BEGIN Supplied data
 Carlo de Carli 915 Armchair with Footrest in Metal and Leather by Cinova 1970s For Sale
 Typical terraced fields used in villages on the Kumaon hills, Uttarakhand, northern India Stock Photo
END Supplied data
BEGIN Supplied data
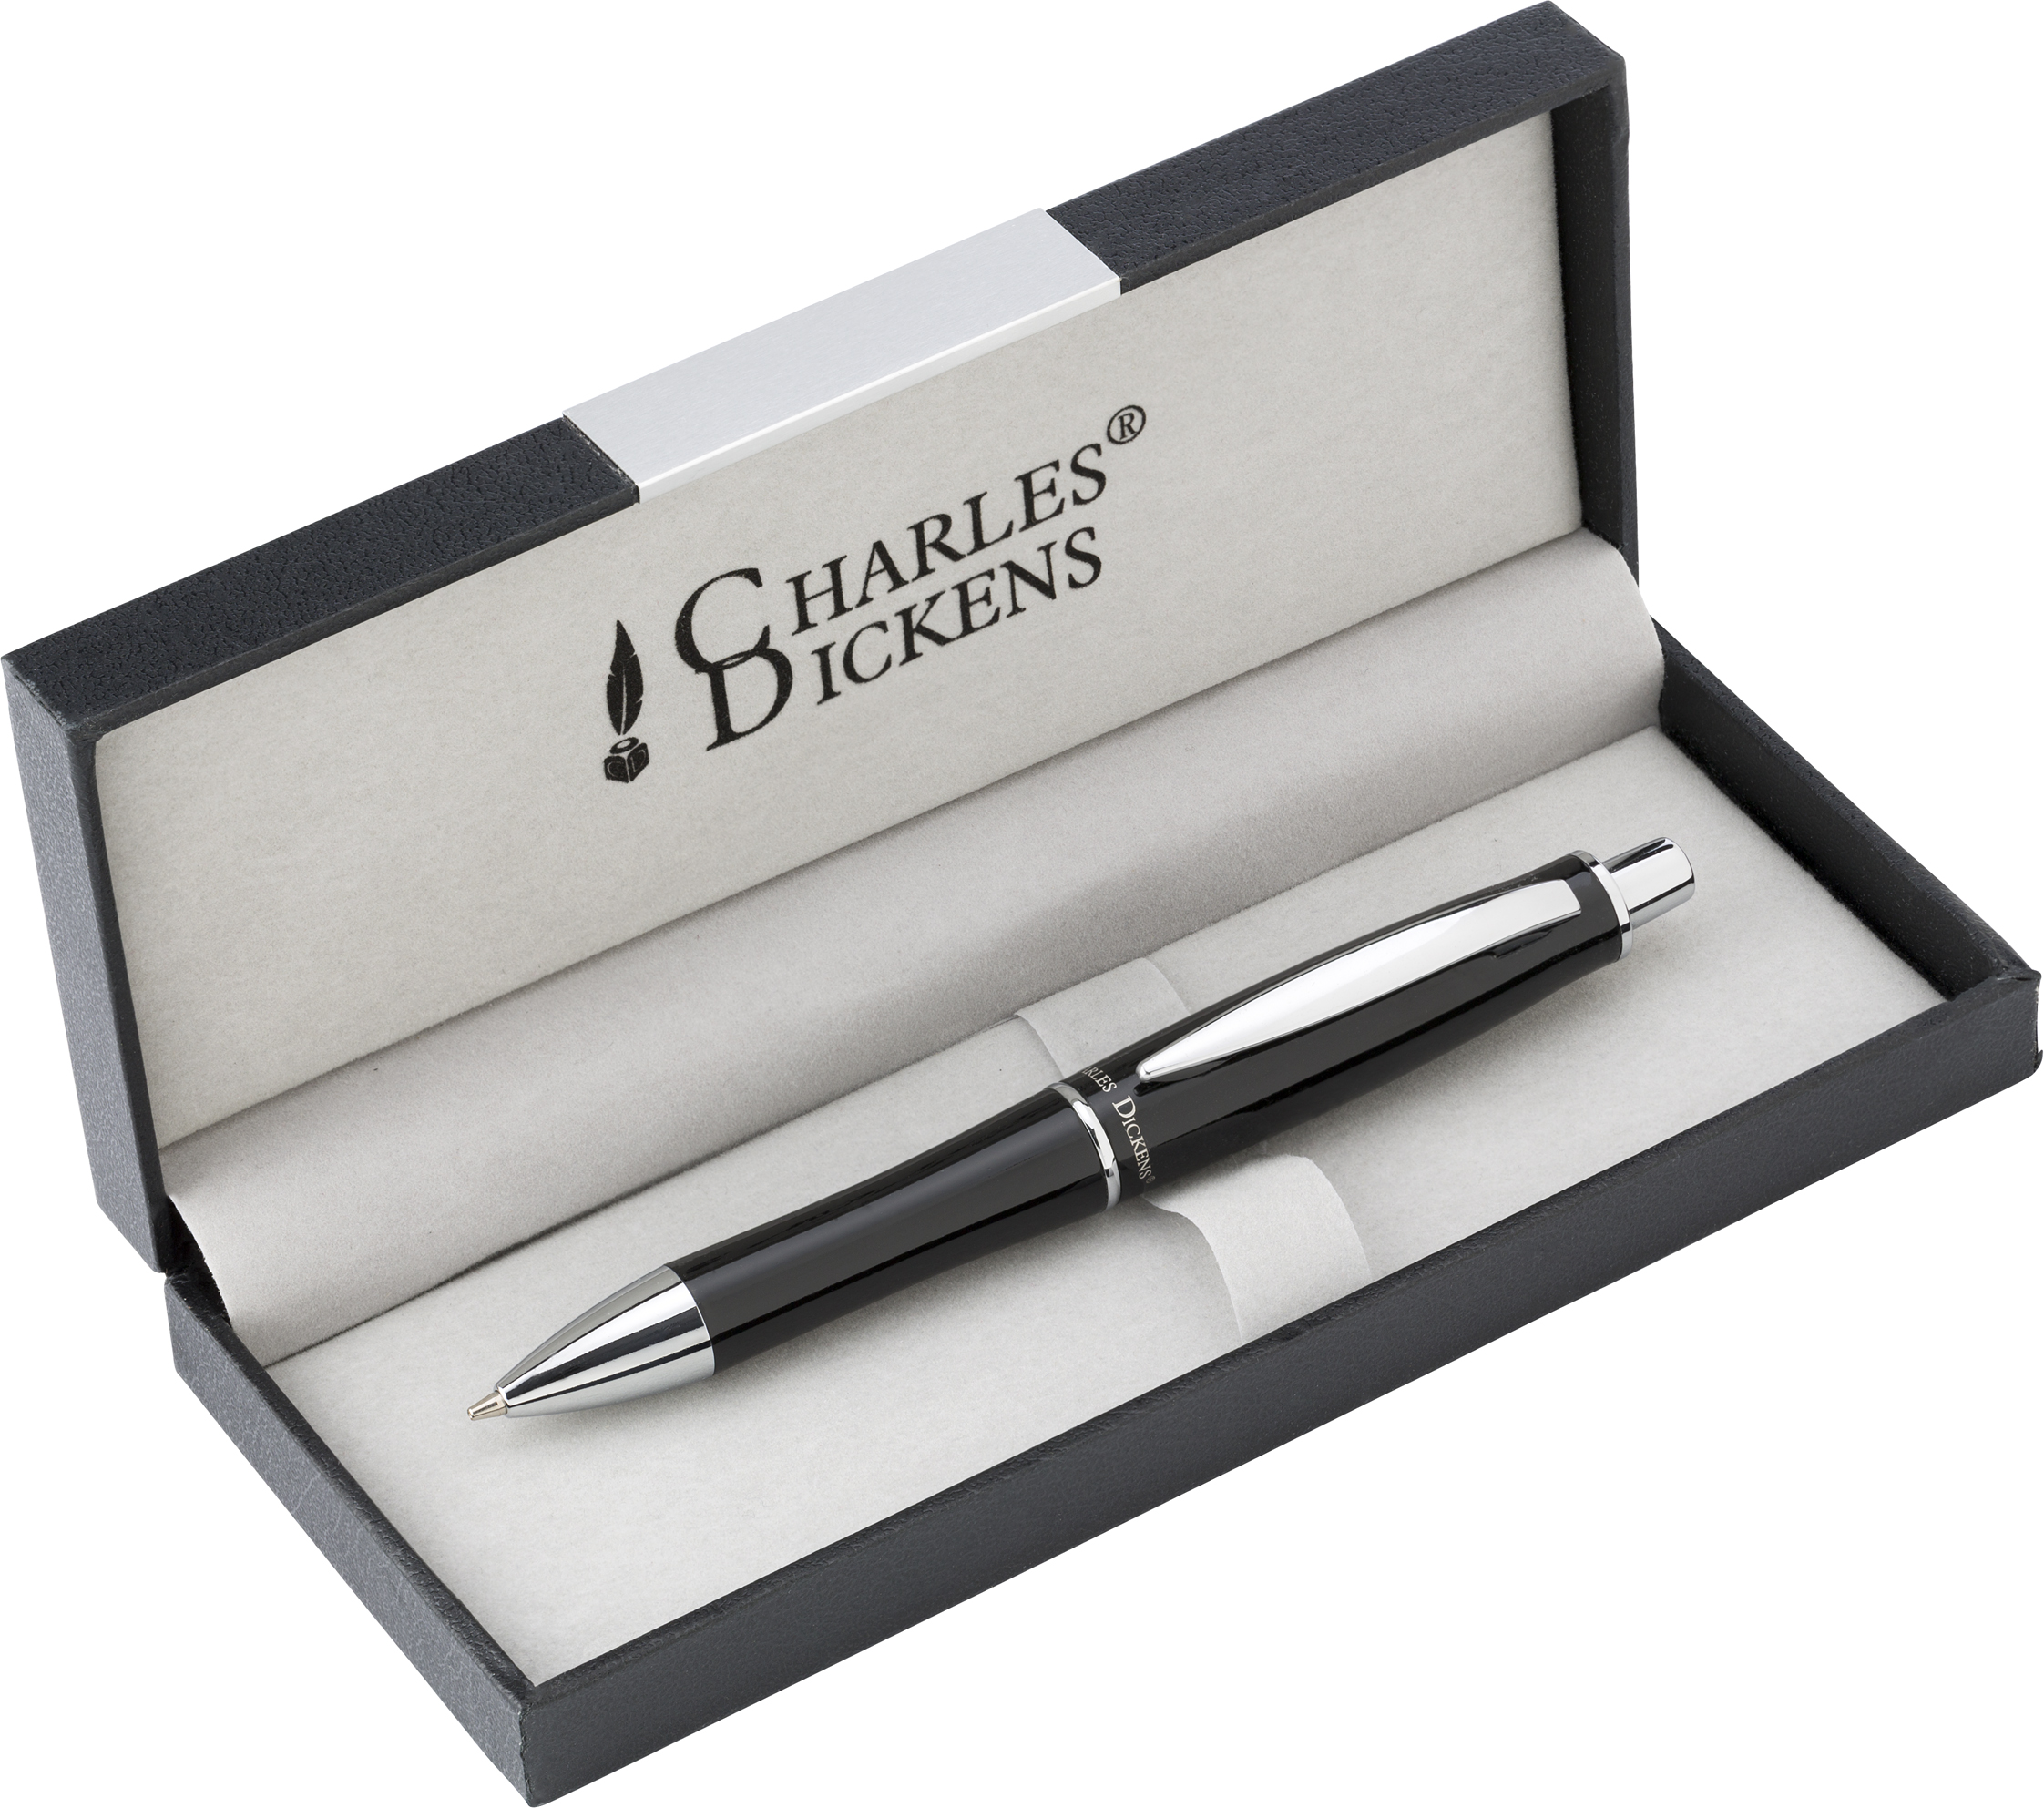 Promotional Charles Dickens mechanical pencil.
END Supplied data
* _Task details_:
The answer is the run of lines above from the line containing "Carlo de Carli" through the line containing "Typical terraced fields", copied exactly and alone.

* _Exercise response_:
 Carlo de Carli 915 Armchair with Footrest in Metal and Leather by Cinova 1970s For Sale
 Typical terraced fields used in villages on the Kumaon hills, Uttarakhand, northern India Stock Photo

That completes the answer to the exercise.